The entry or exit of a partner in a company can mark a turning point in its operation. When a company sells all its shares, it is bought out in full. If only some of the shares are sold, this is referred to as a "share sale". The term "share" is used for SARLs, EURLs and SCIs only. For SAS, SASU or SA, the term "share" is used. As with the creation, modification or liquidation of a company, a transfer of shares must follow certain rules to be valid. Let's find out what you need to do.

The approval procedure

If the shares of a SARL are to be sold to a person outside the company, it is essential to obtain the approval of the other partners, i.e. 50% of the votes plus one, i.e. a simple majority vote. In the case of a non-trading property company (SCI), the vote is generally unanimous. However, the Articles of Association may stipulate other conditions.

The seller must notify all associates and the managing director of the sale by registered letter with acknowledgement of receipt, or by bailiff's deed. The latter has eight days to convene a General Meeting or to consult the other partners in writing.

The Shareholders' Meeting has a period of 3 to 6 months, depending on whether the company is a SARL or a SCI, to respond. If no response is received within this period, approval is automatically granted.

Sometimes, approval is refused. In this case, the partners must buy back the shares themselves within the allotted time.

The deed of sale

Whether shares are transferred free of charge or not, a share transfer agreement must be drawn up in writing, either by the partners under private deed, or by a notary in the form of a deed.
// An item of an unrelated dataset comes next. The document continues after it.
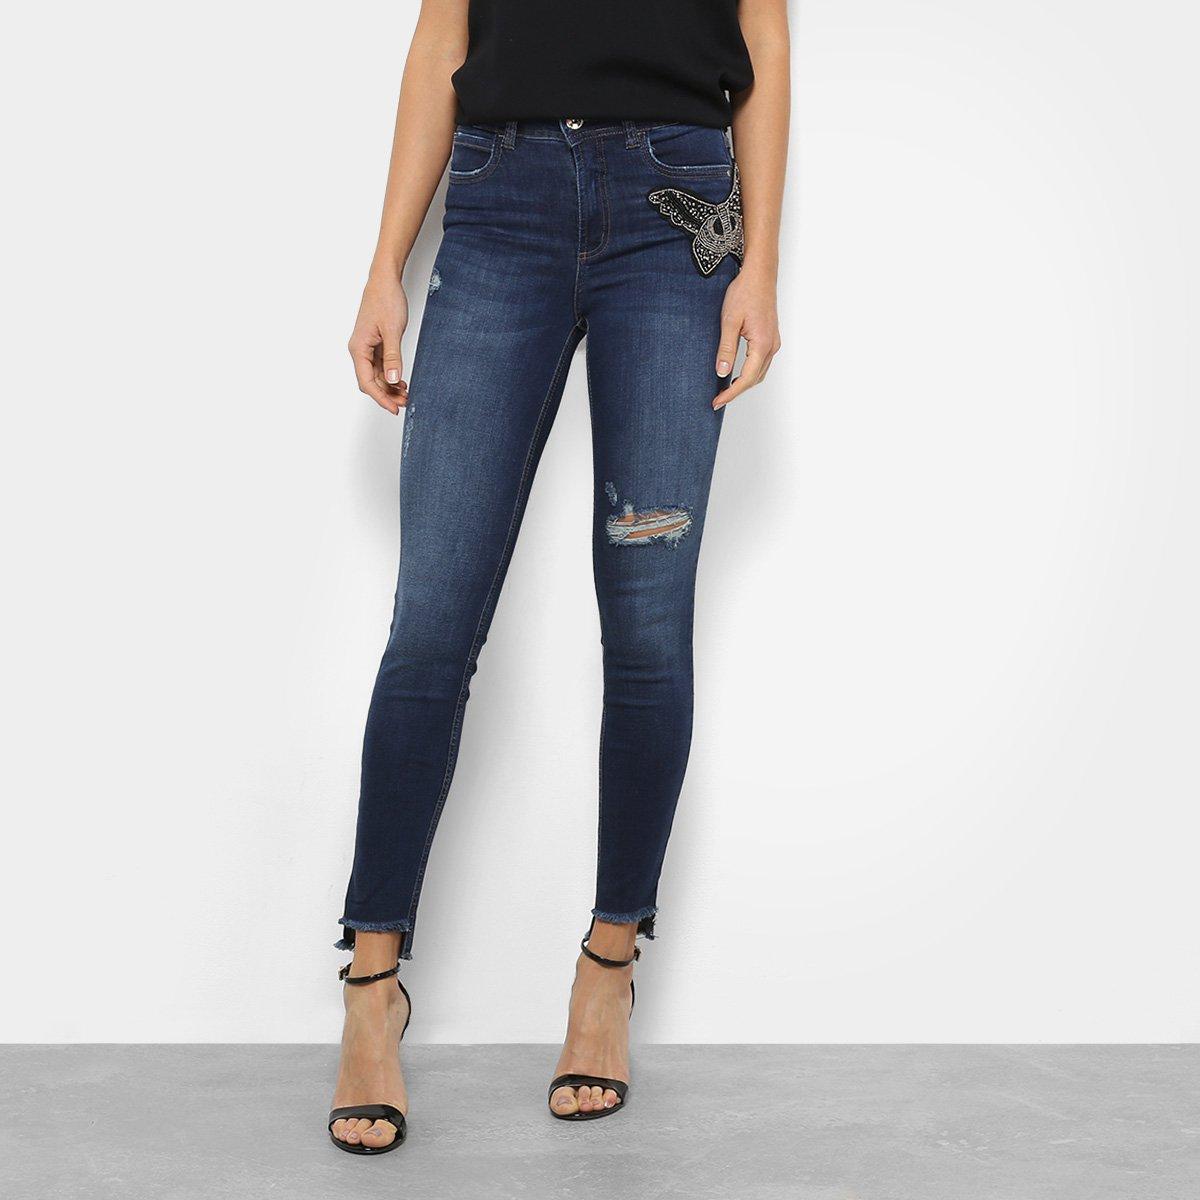 275014cb5 Calça Jeans Skinny Colcci Bia Bordada Manual Cintura Média Feminina

Certain information must be included:

  • the identity of the parties
  • number of shares
  • unit price
  • total share price
  • payment terms
  • approval

Amending the Articles of Association

When shares are sold, the capital is necessarily redistributed. Any modification, particularly of share capital, requires a change in the articles of association.
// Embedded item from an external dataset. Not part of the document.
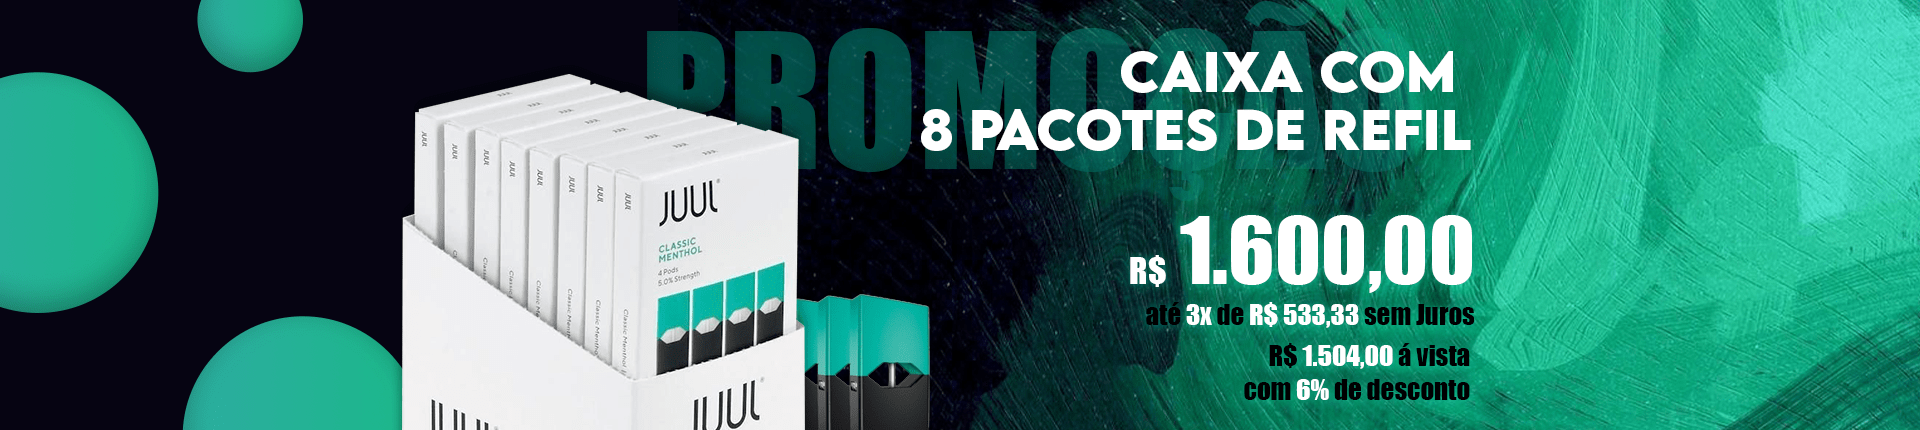 juul menthol 8 pack

On the other hand, when shares are sold to an existing partner, it is not always necessary to amend the articles of association, unless the identity of the transferor is specified.
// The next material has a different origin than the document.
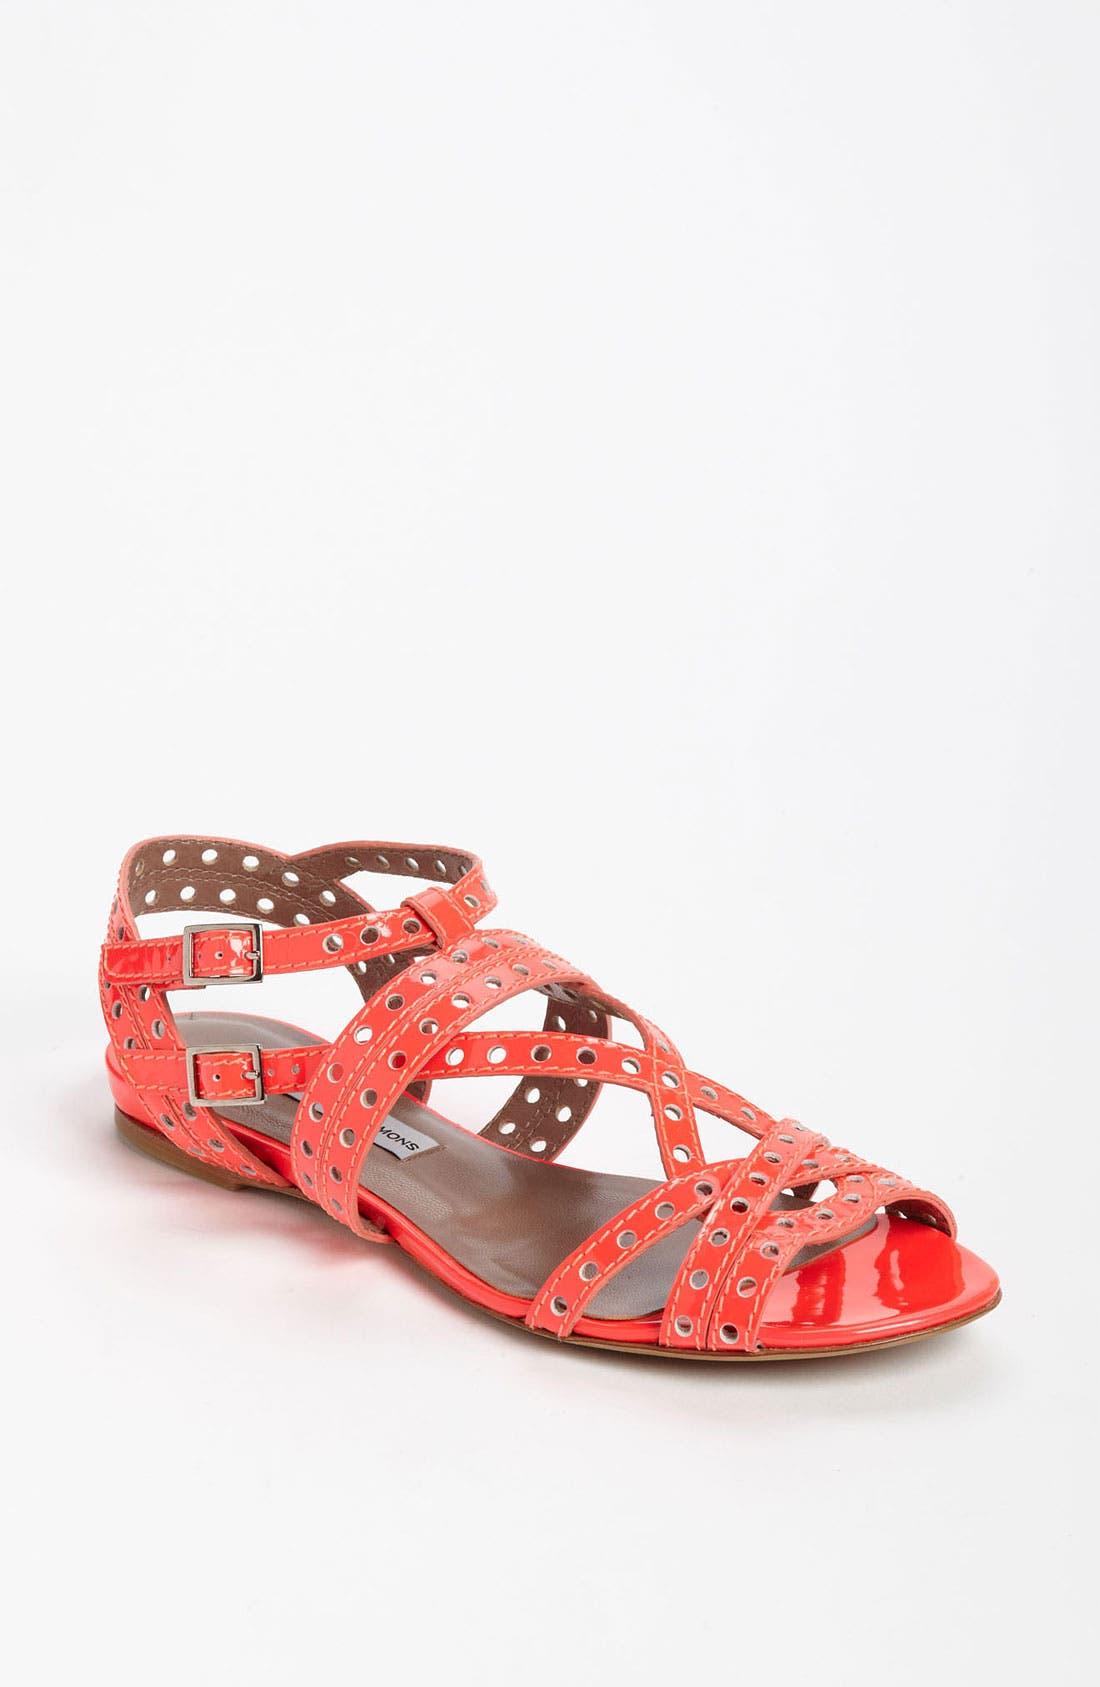 Main Image - Tabitha Simmons 'Felicity' Sandal

The formalities for modifying the share capital vary according to the legal form, the nature of the modification and the characteristics of the transfer. In all cases, a notice must be published in a SHAL (medium authorized to receive legal announcements), and the updated articles of association must be registered with the Trade and Companies Register.

Registration with the tax authorities

The transfer must be notified by the transferor or transferee to the company's tax department within one month of signature. Two copies of the deed of assignment must be supplied. One copy, bearing the registration number, will be returned.

Registration must be made with the department responsible for the notary's office, if the deed was drawn up before a notary, or with the department responsible for the domicile of one of the parties, if the deed was drawn up under private contract.

The clerk of the commercial court then takes note of the updated articles of association.

Payment of registration fees

All transfers of shares are subject to registration fees. The amount varies according to the price of the shares. The purchaser is responsible for paying these duties, but both parties are jointly and severally liable.

The calculation for SARLs is different from that for SCIs. For SARLs, the duty is 3% of the share price, compared with 5% for SCIs. Deductions are available, but there is always a minimum registration fee of €25.

Payment of capital gains

Capital gains arise when the sale price is higher than the purchase price. The amount corresponding to this difference is taxable.

When the transfer of shares is free of charge, it is possible to benefit from a 75% tax exemption, but only for SARLs. In all other cases, the default tax regime is the single flat-rate withholding tax (PFU) of 30%. The 30% rate is calculated on the amount of capital gain realized. It comprises 17.2% social security contributions and 12.8% income tax.

In a non-trading property company (SCI), the seller, a natural person, is subject to the capital gains tax regime applicable to private individuals. They benefit from an allowance based on the length of time the property has been held. After 30 years, he or she is fully exempt from capital gains tax.